Ян Томп рассказывал Татьяне об удивительной незлобивости грузового помощника, который не обижался даже на присвоенное ему шутливое звание "дамского мастера". У него росли три дочери, и утверждали, что он предъявил жене ультиматум: не остановишься и на дюжине, пока не родишь продолжателя фамилии!
Всякое упоминание о детях вызывало у Татьяны приступ щемящей тоски. Димку на все лето забрал Илья. Из Калининграда она несколько раз звонила в Куйбышев, разговаривала с бывшим мужем. Тот деликатно передавал трубку сыну.
- Мне здесь хорошо, мамочка! - радостно кричал Димка. - Папа мне чешский велосипед купил с тормозом и трещоткой! Приезжай поскорее к нам!

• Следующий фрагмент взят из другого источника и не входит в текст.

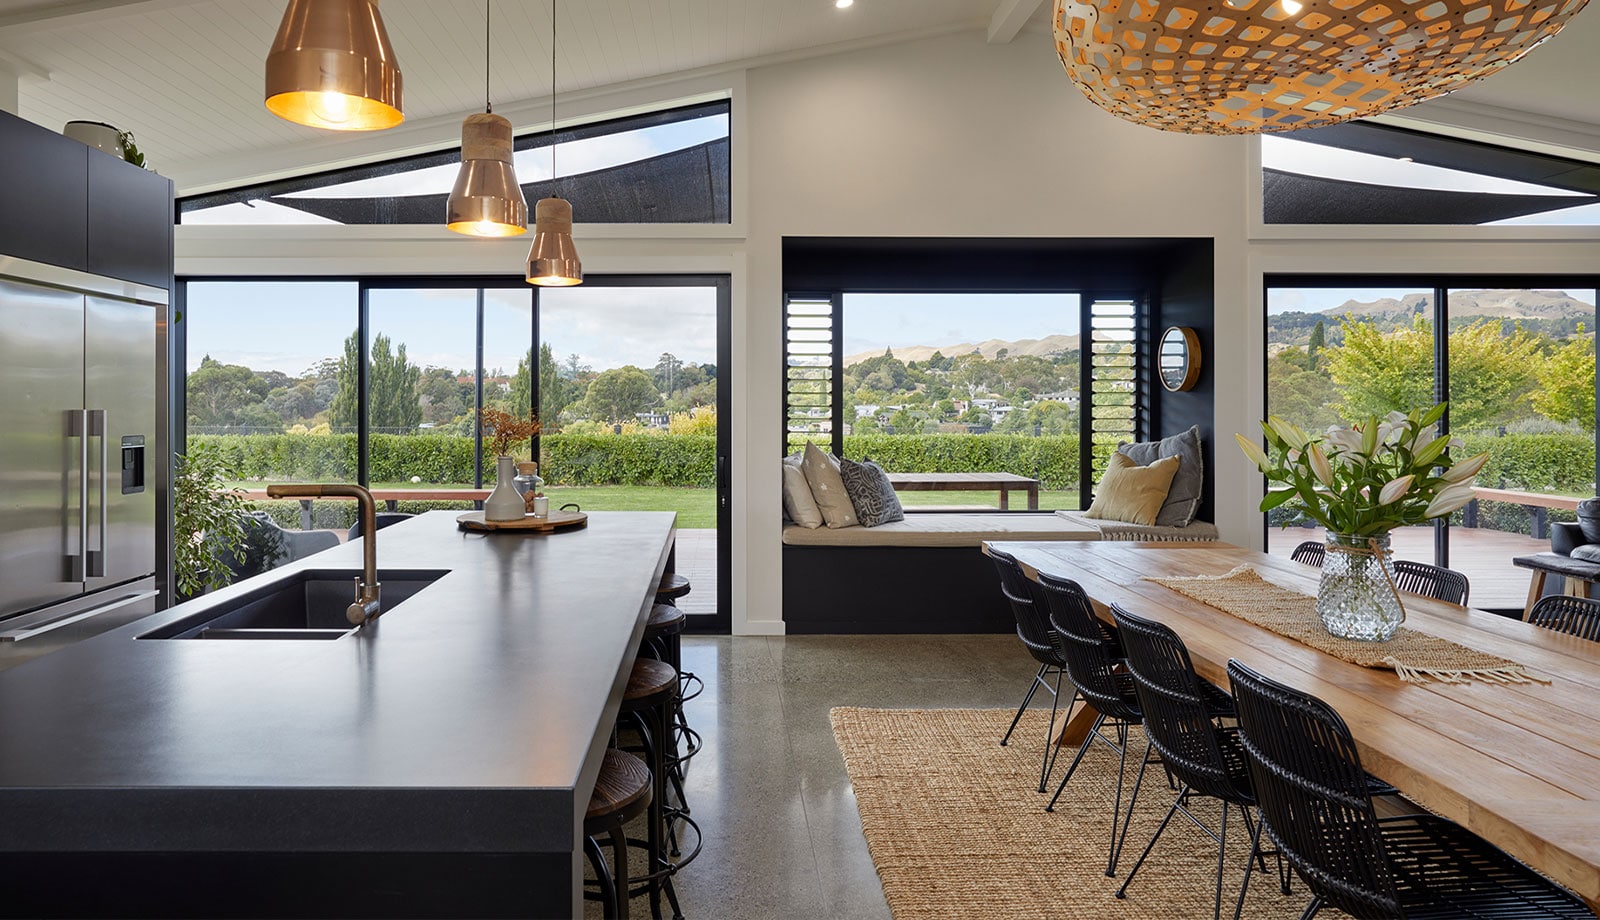 Kitchen and dining area with a view overlooking hills

Слова его неприятно задевали Татьяну, она представляла, как Илья выпытывает у Димки: поздно ли приходила мама домой, бывали ли у них гости, кто звонил по телефону и прочие подробности ее жизни. Она не боялась, что Илья станет настраивать сына против матери, знала порядочность его в подобных делах, но даже само сознание того, что долгое время Димка будет находиться возле отца, тревожило ее. Почему? Не хотелось об этом думать.

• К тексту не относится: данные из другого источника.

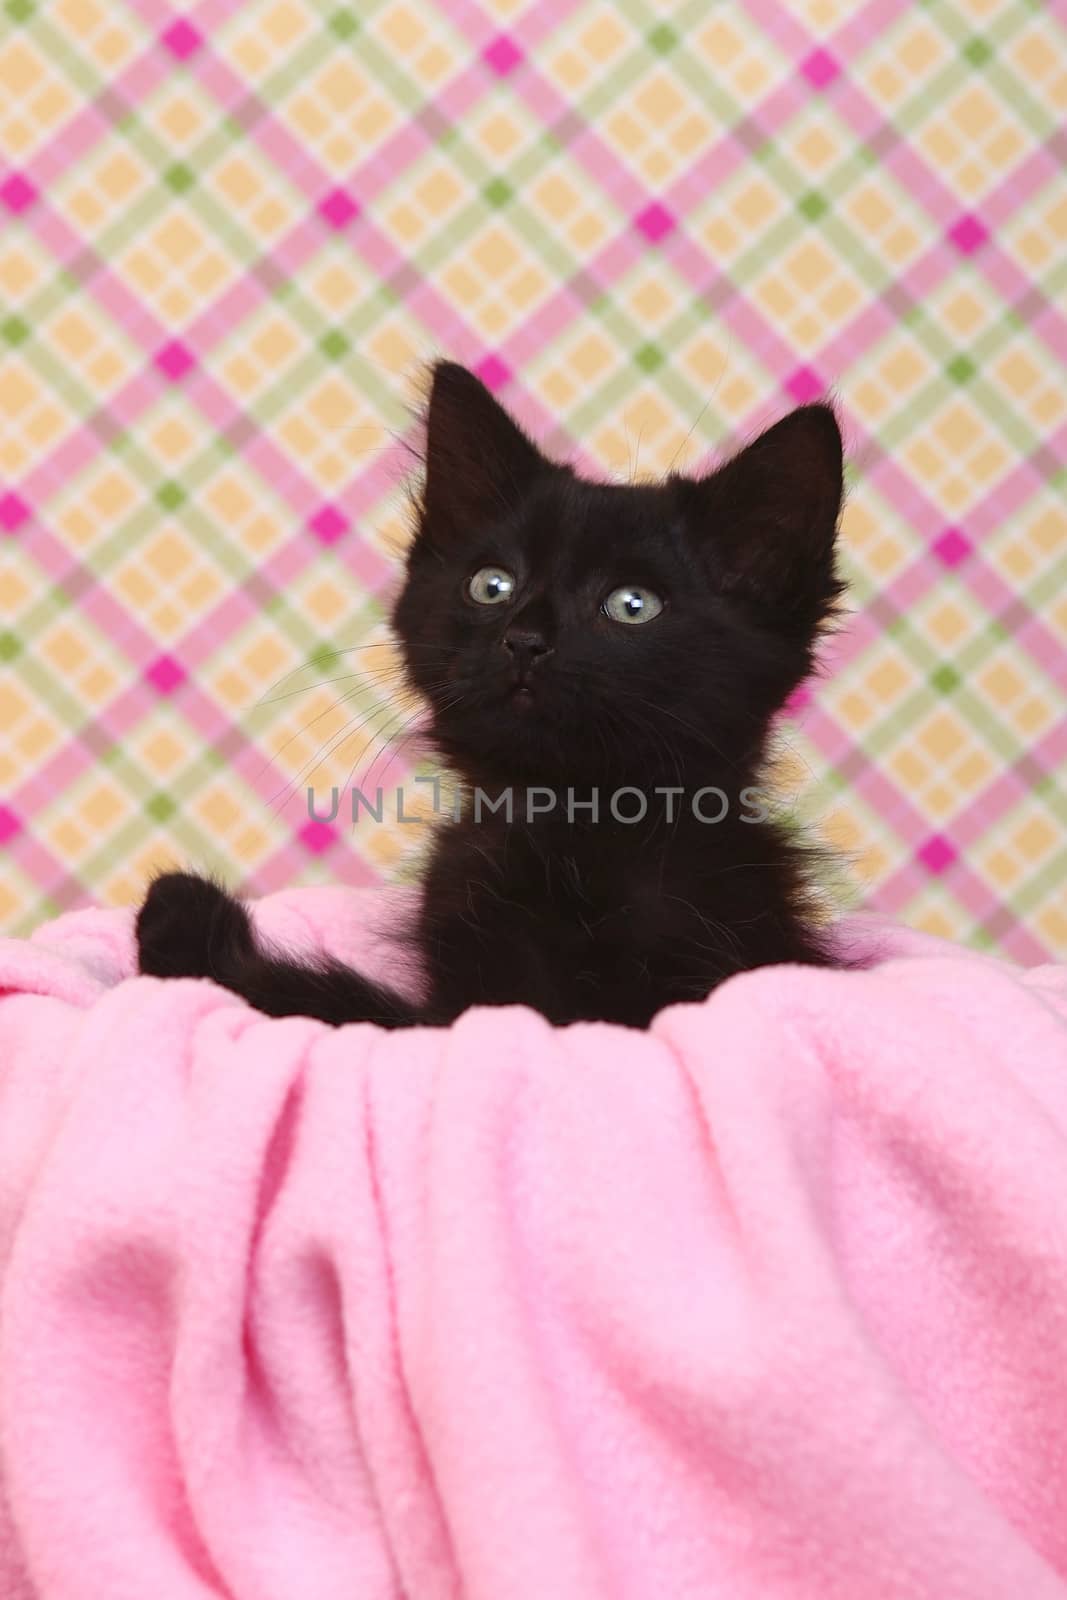 Curious Kitten on a Pink Soft Background by tobkatrina

- Вы знаете, Татьяна Ивановна, - вытер губы салфеткой старпом Алмазов, - лет двенадцать тому плавал я четвертым помощником на одном сухогрузе. Был это старый лапоть, угольщик, в хороший ветер двух узлов не выгребал. На другие коробки нашего брата - бывших офицеров тогда не брали. Вся механизация на лапте - четыре грузовых стрелы, а в остальном: мешок с угольком на плечи, нажал пальцем собственный пуп - и рысью по сходне до палубного бункера! Так вот, была на этом ихтиозавре собственная знаменитость: фельдшер с морским стажем Григорий Савельевич Быков, в обиходе - Докбык. Силищи мужик невероятной, двухпудовкой мог несколько раз перекреститься, и такой же могучей лени. Спать мог в любом месте, при любой погоде и в любой позе. Собственно, и дел у него особых не было, ребята в экипаже подобрались здоровые и выносливые. А вспомнил я сейчас о нем потому, что очень уж забавным был метод его лечения. Приходит, к примеру, матрос с царапиной, Докбык осмотрит его и говорит: "Пустяки, паренек, у моей жены такое было. Помазал ей руку три раза зеленкой, и прошло!" Другой заявляется, не к столу будь сказано, с чирьяком на мягком месте. Докбык опять свое: "Такое я у жены за неделю вылечил. Пришлепал ей, где следует, тампон с ихтиолкой..." А третий моряк в Одессе вернулся утром с берега и, грешным делом, что-то неладное у себя заподозрил. Покаялся Докбыку, тот было завел обычное: "Пустяки... - но тут же спохватился: Стоп, - говорит, - такого у моей жены не бывало, лечить не умею! Придется тебя, паренек, направить в больницу..."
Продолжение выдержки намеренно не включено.